於是我寫了一封信請教鍾怡雯老師,向她告知我現在的狀況,以及我設想好的幾個方向或議題。鍾怡雯老師對散文有更專業的認識,我想或許她能夠給予我比較具體的建議吧?只是,老師會信也認為現在這狀況,要繼續從事散文的研究有困難。要我再想想,有沒有可能研究其他的文類。
「我對現代文學的興趣僅止於此了」我是這樣回覆的。
其實,從大學到研究所,為了現代散文我不得不割裂過去四年對古典文哲的經營,現在如果又要棄守現代散文,勢必要再作一次割裂。

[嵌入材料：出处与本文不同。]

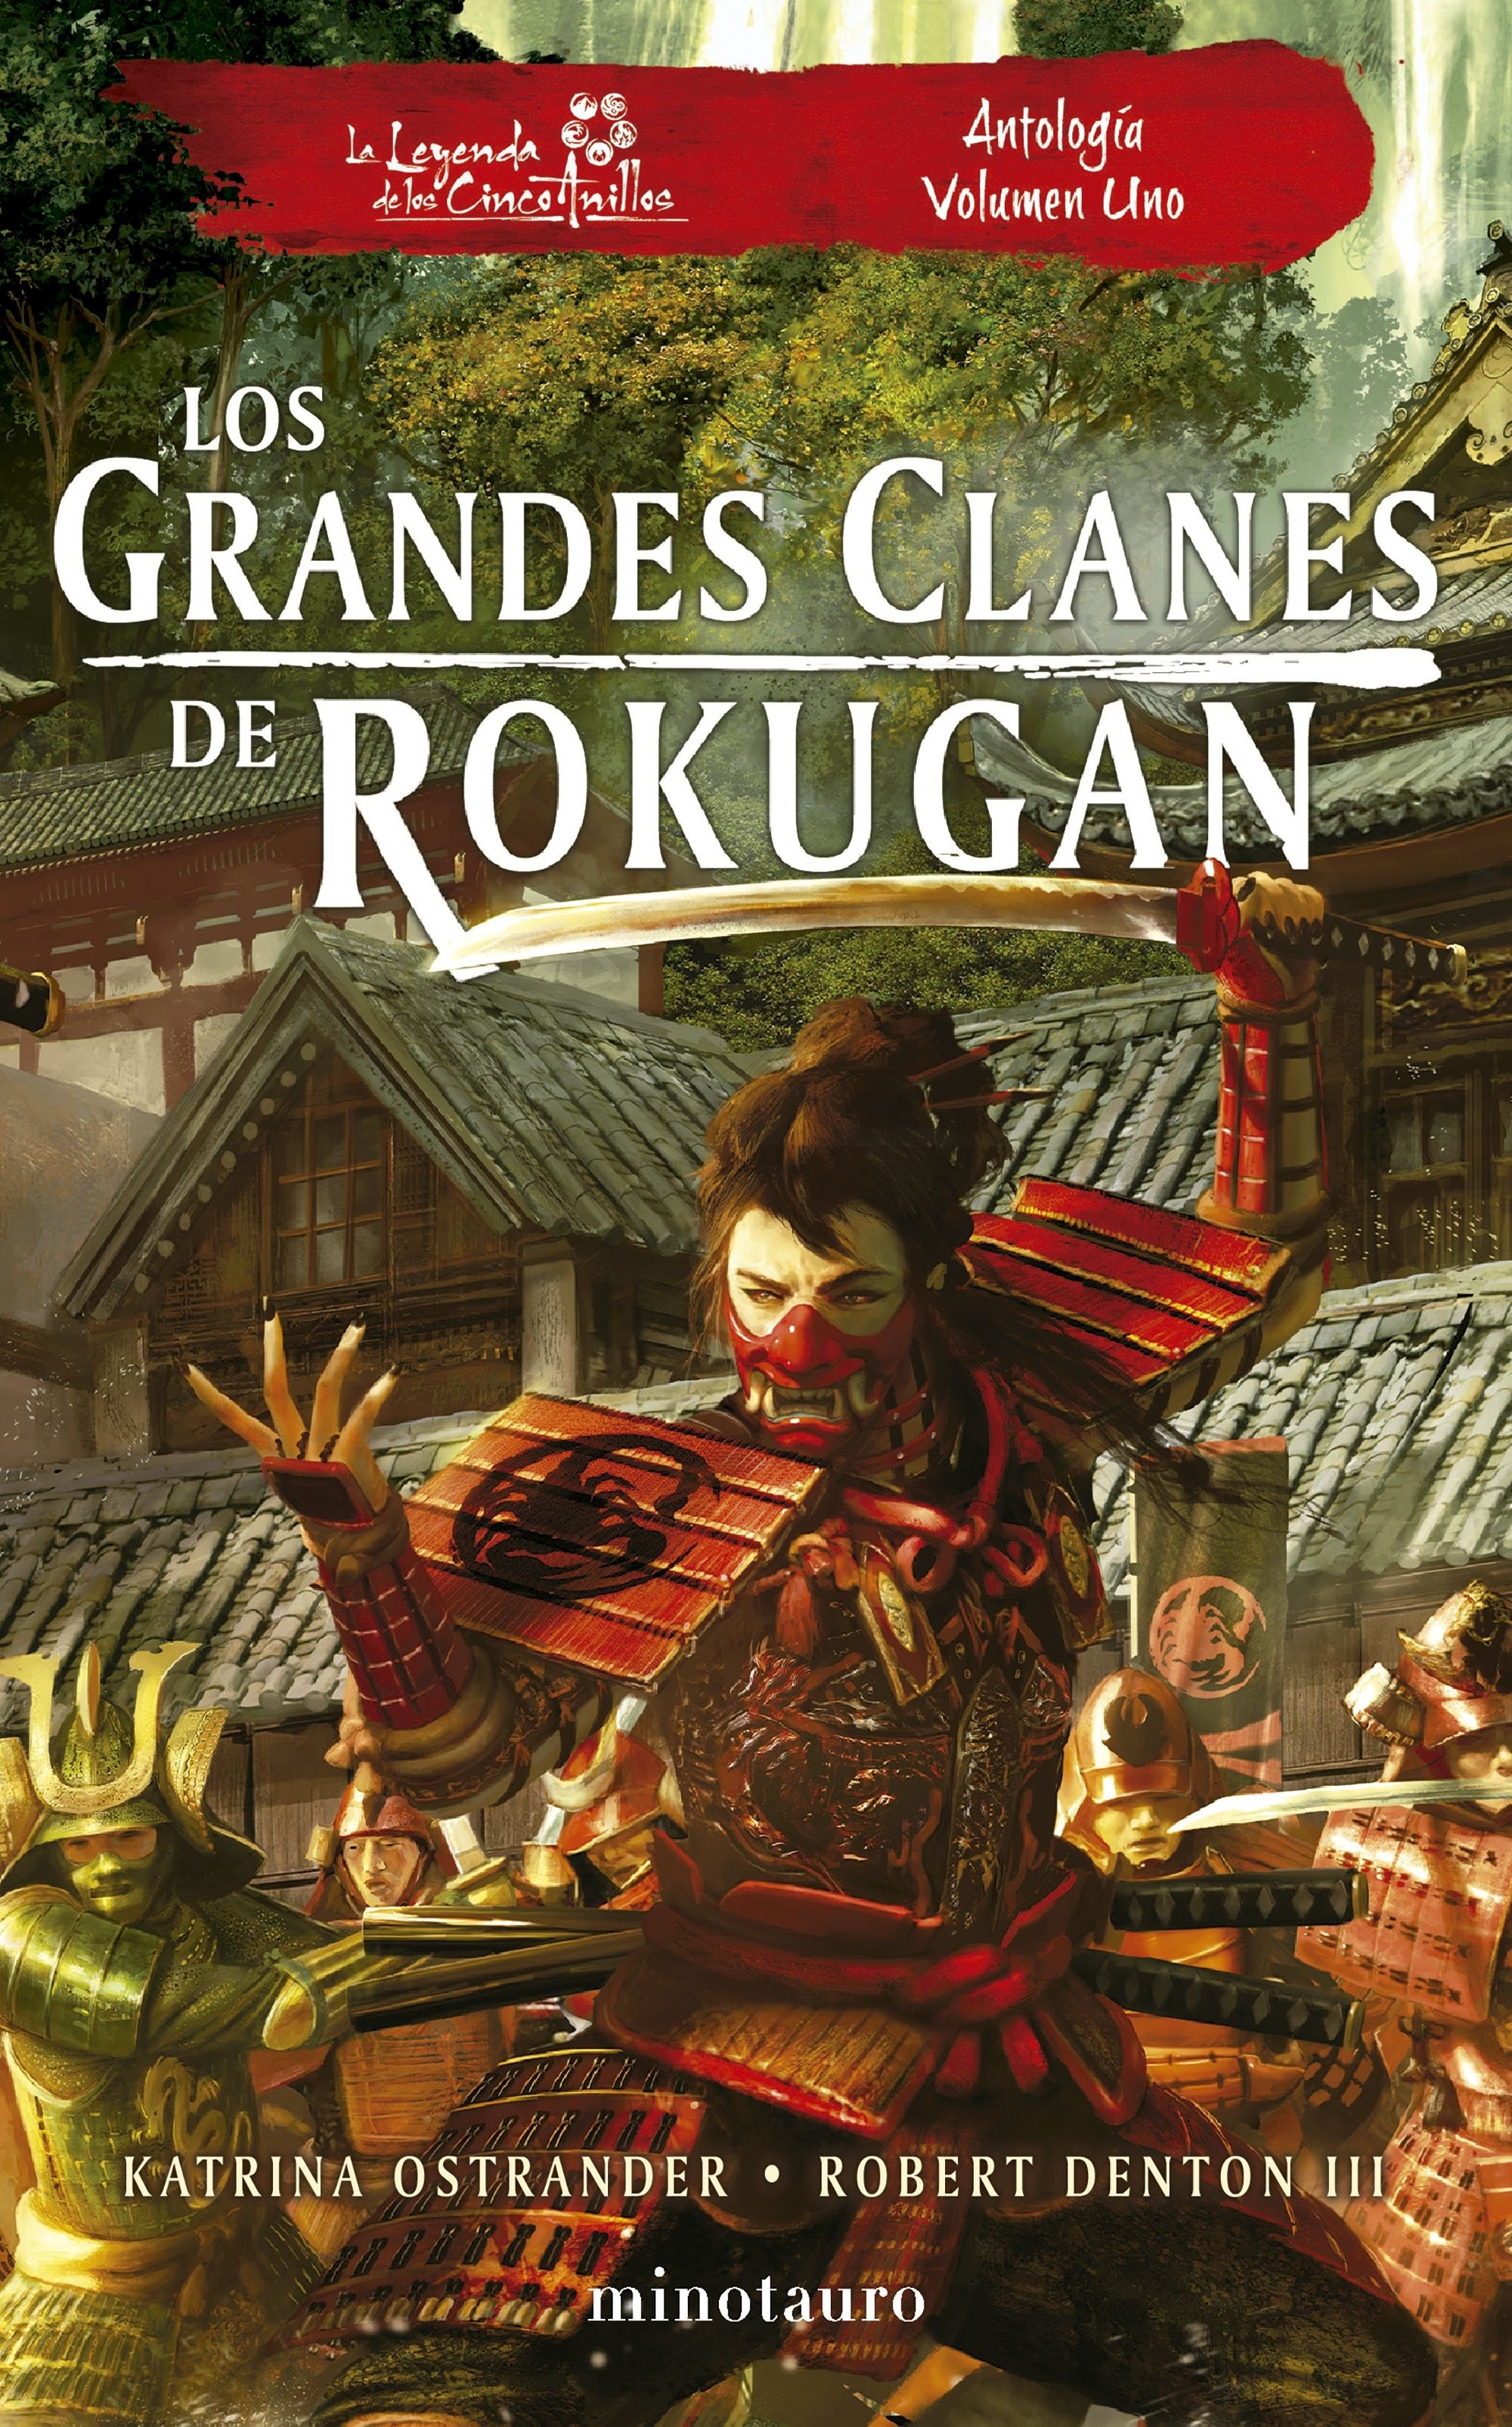 Los grandes clanes de Rokugan. Antología volumen uno. 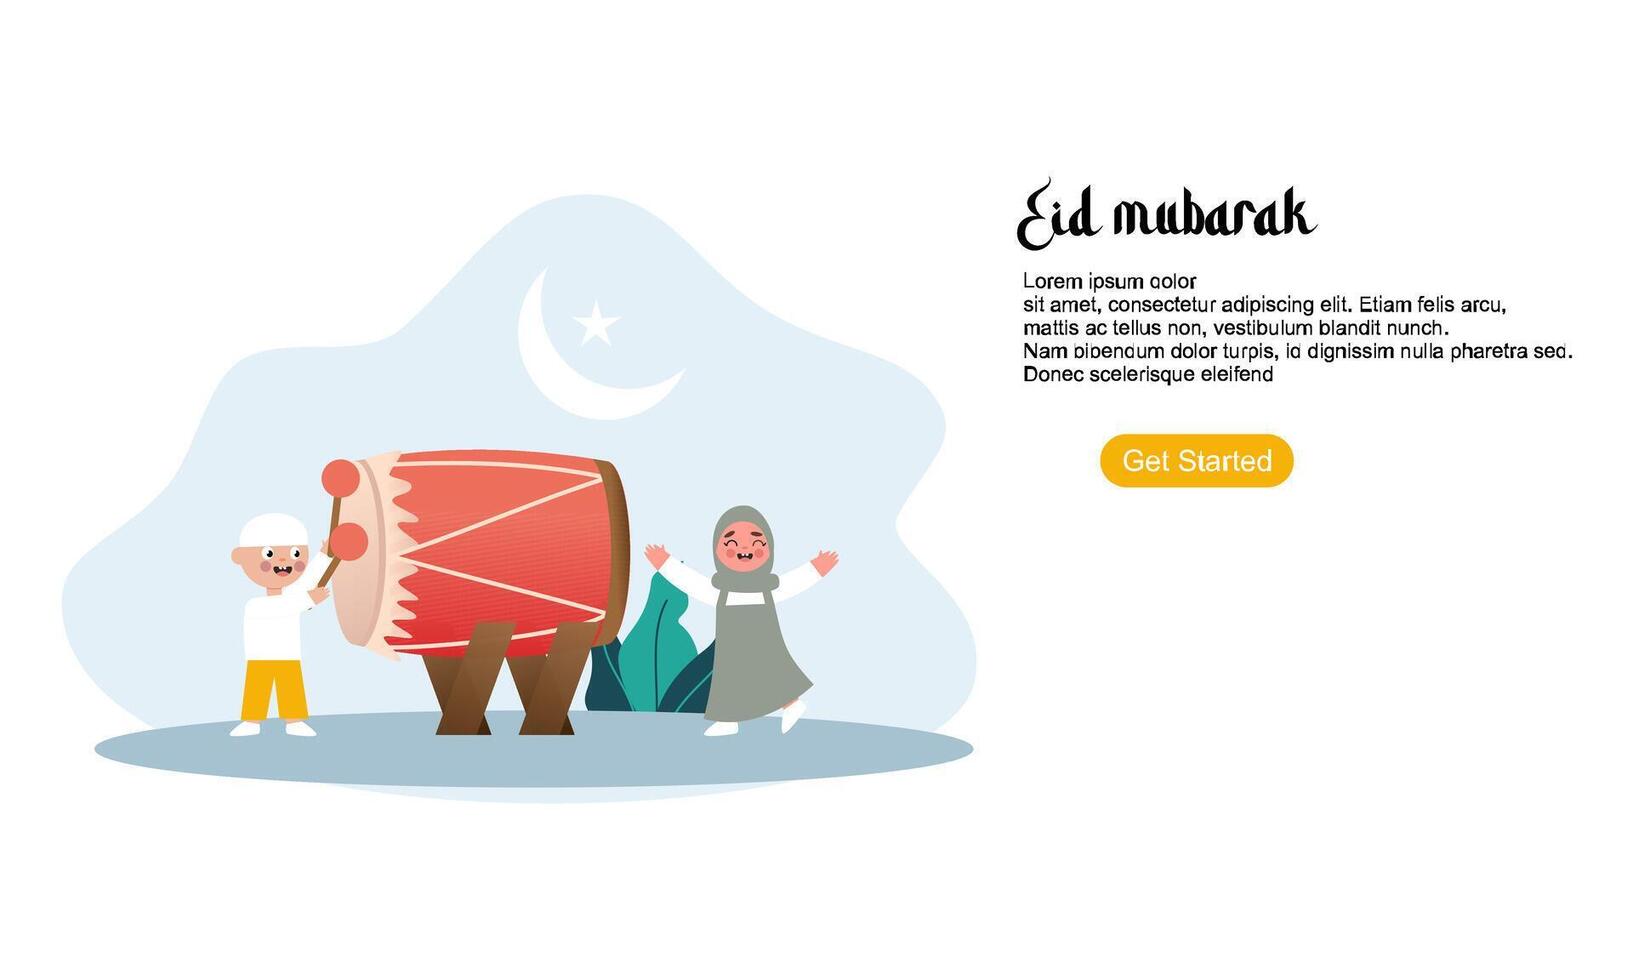 gelukkige eid mubarak of ramadan-groet met karakter van mensen vector

有點可悲,面當初這麼一往情深的文類,既無法研究,也無法創作。但是我想實情應該不是如此的,現代散文因為沒有人肯好好投注其中,別說是有許多問題都沒有被解決,甚至有很多問題是根本都沒有被思考過的。
我又想到黃真伊了,故事裏行首白舞在臨死之前,留下了一本空白的舞譜,希望黃真伊有一天能夠完成這本舞譜,跳出頂尖之舞。因為白舞明白,自己已經沒有辦法給予黃真伊什麼指導了,這孩子的舞,已經反過來超越了師傅,甚至指正師傅苦心經營三十年的鶴舞是錯誤的。
也許沒有一個行首白舞會在散文研究上給予我苦心的指教,我也沒有黃真伊那樣天才。但是眼前面對研究方向的未定,面對散文研究的可持續性的質疑,我彷彿也看到了一本空白的舞譜。
是因為什麼都沒有,所以空白;還是因為空白,所以什麼都可能?
不知道會不會有一天,我也能夠在散文研究的領域上一展抱負,填補那本人人都不看好空白的舞譜,並且跳出最頂尖的舞。